The proving part of ZKP is quite complex and requires a huge amount of processing power. The most computational intensive operations, of the related SNARK and STARK protocols, are Number Theoretic Transform (NTT) and Multi-Scalar Multiplications (MSM). NTT is a specialized form of Discrete Fourier Transform (DFT) in an integer finite field.
FFTs are the bread and butter of FPGAs. FPGAs are ideal for integer arithmetic operations and bit-level data processing as the ones required by ZKP and have based used for many years to accelerate FFTs in communication systems. And for a long time, FPGA vendors were looking for the next killer application that would justify the FPGA deployment at scale in the cloud.
FPGAs provide huge amount of processing power, usually in much more energy efficient way than GPUs, especially when it has to do with integer arithmetic. FPGAs also offer higher flexibility than ASICs, that is required currently to support the different ZKP implementations (variety of elliptic curves, proving schemes), and adapt to new protocols.
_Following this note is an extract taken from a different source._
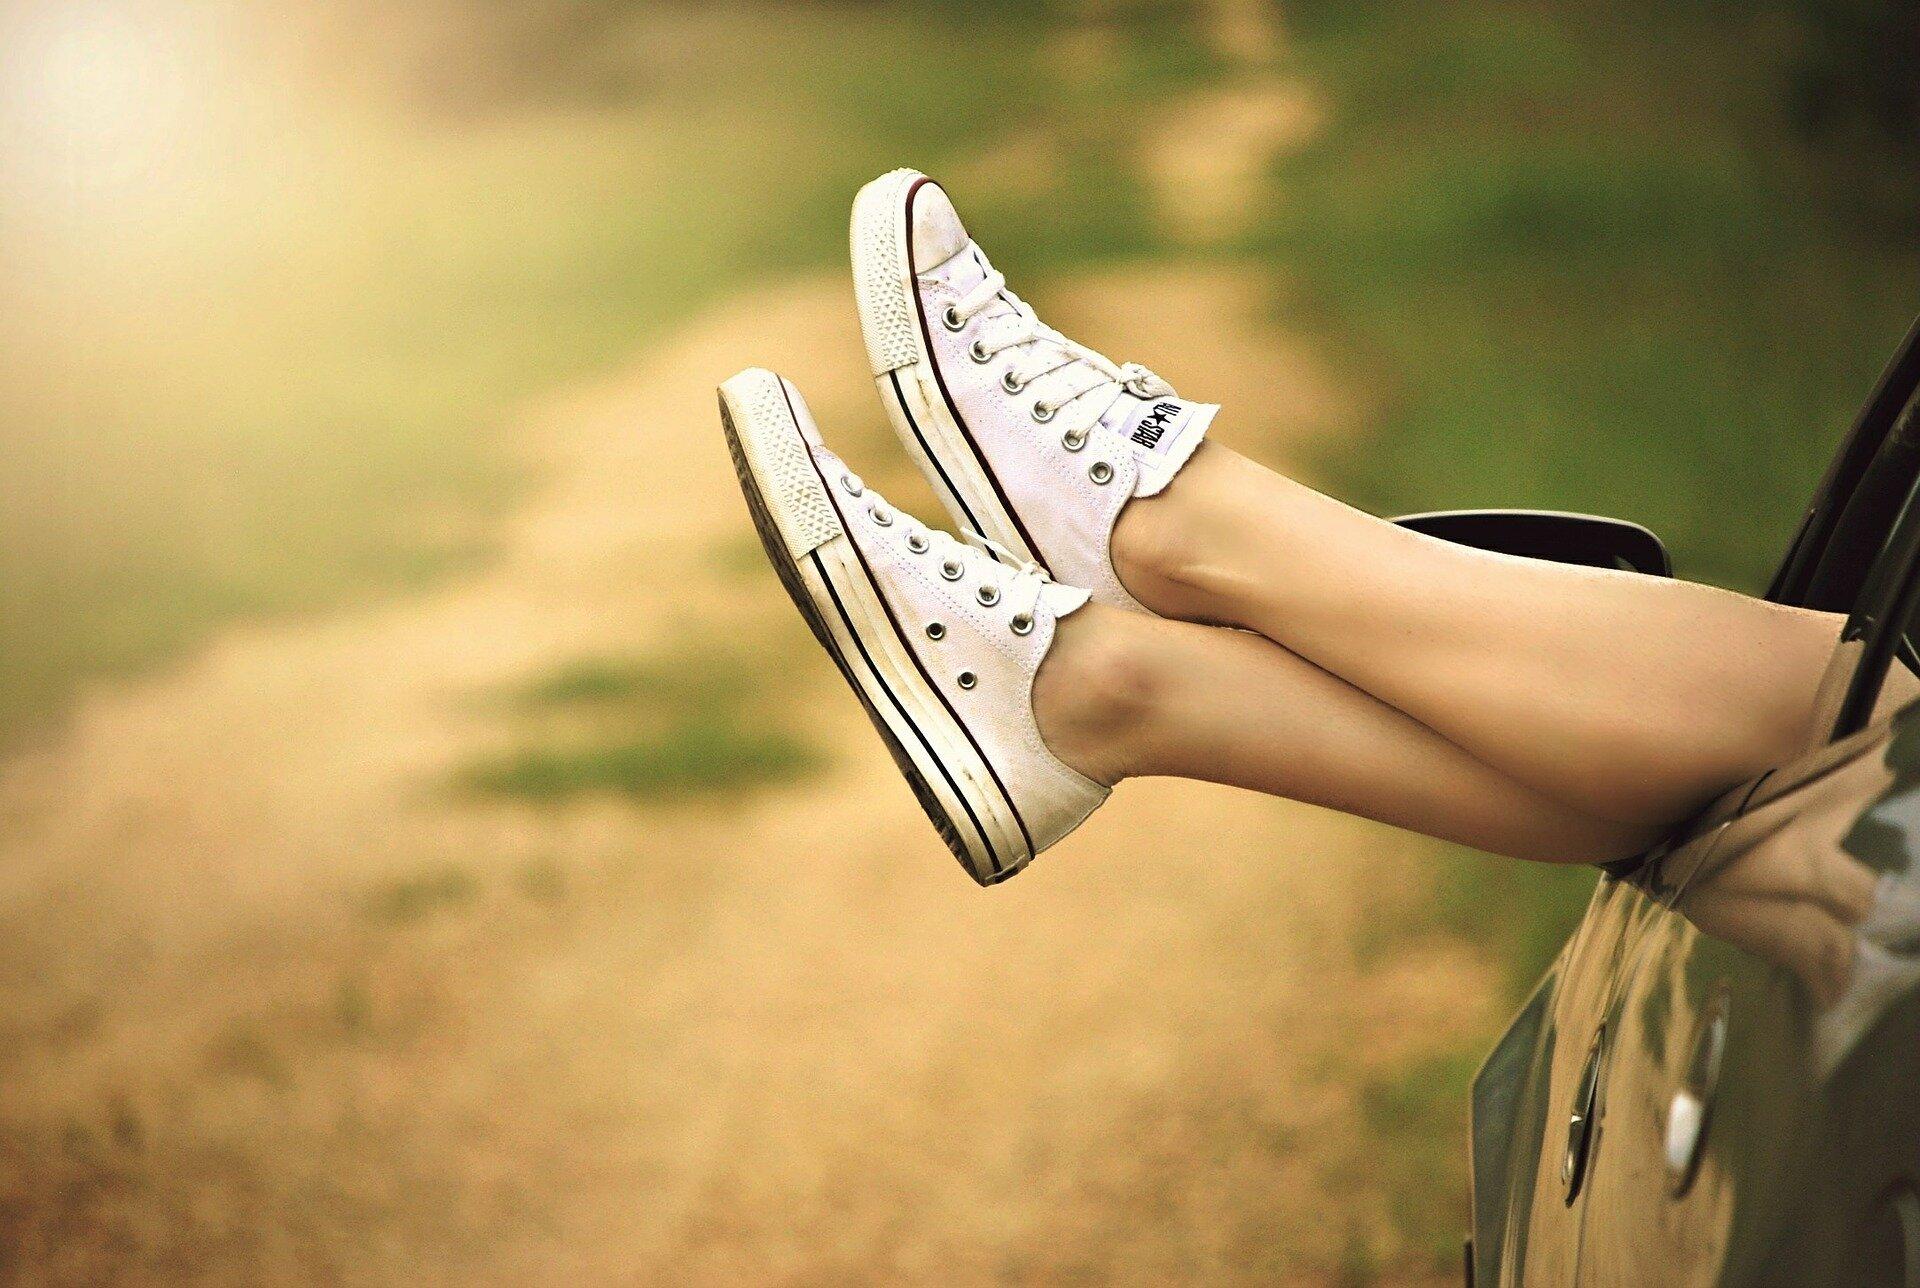 shoes-434918_1920.jpg

However, the main challenge of FPGAs is the ease of deployment at scale and integration with high level languages and frameworks. An efficient accelerator for NTT and MSM operations is not just enough. A critical part is the abstraction layer that will allow the ZKP accelerators to be integrated with the emerging framework ecosystem from networks like Polygon, Starkware, Aleo and other leading companies in the ZK domain. The abstraction layer that will allow seamless integration of the ZKP accelerators with libraries, like libsnark, rapidsnark , bellman or winterfell, is extremely important for the efficient utilization of every FPGA system. Also the integration of ZKP frameworks with FPGAs must allow deployment at scale.
InAccel has a long experience on the efficient deployment of FPGAs at scale. Therefore, when we first came across ZKP we managed to integrate open-source FPGA accelerators with widely used ZK libraries extremely fast. In just a couple of weeks we did e2e integrations of FPGAs with frameworks like Polygon Hermez, Nightfall and Miden. Using the InAccel software stack (resource management and accelerator orchestration) we enabled the fast and efficient integration of FPGA provers with two state-of-the-art ZK circuit compilers, namely Circom and ZoKrates.
Today InAccel releases the first end-to-end integration of FPGAs with multiple, state of the art, ZK frameworks. ZK Playground (https://play.zkaccel.io ) is an interactive web-based development environment that allows anyone to test zkSNARK circuits on top of FPGAs, using the libraries of their choice: Circom, gnark or ZoKrates. Developers, both experts and beginners, can now fast and effortlessly experiment on new creative ZK systems, from the comfort of their browser. The playground currently uses open-source FPGA accelerator designs, with limited performance, but it will be soon powered by the new InAccel FPGA accelerators.
The InAccel orchestration layer also allowed us to provide easy deployment at scale and on demand. This basically means that InAccel FPGA clusters can provide the elasticity that is required to efficient process a huge amount of proof generation tasks even when the demand for proofs changes over time. The integrated solution can be deployed either on in-house FPGA clusters or at cloud FPGA clusters.
ZKP is considered by many one of the most notable innovations in the last fifty years of computer science. Zero Knowledge Proofs (ZKPs) offer unique properties that make them essential components of various blockchain scaling and privacy solutions, including ZK rollups. FPGAs when combined efficiently with the right abstraction, for transparent integration and scaling, could be just the right computing platform for this emerging market that will affect many areas in the near future.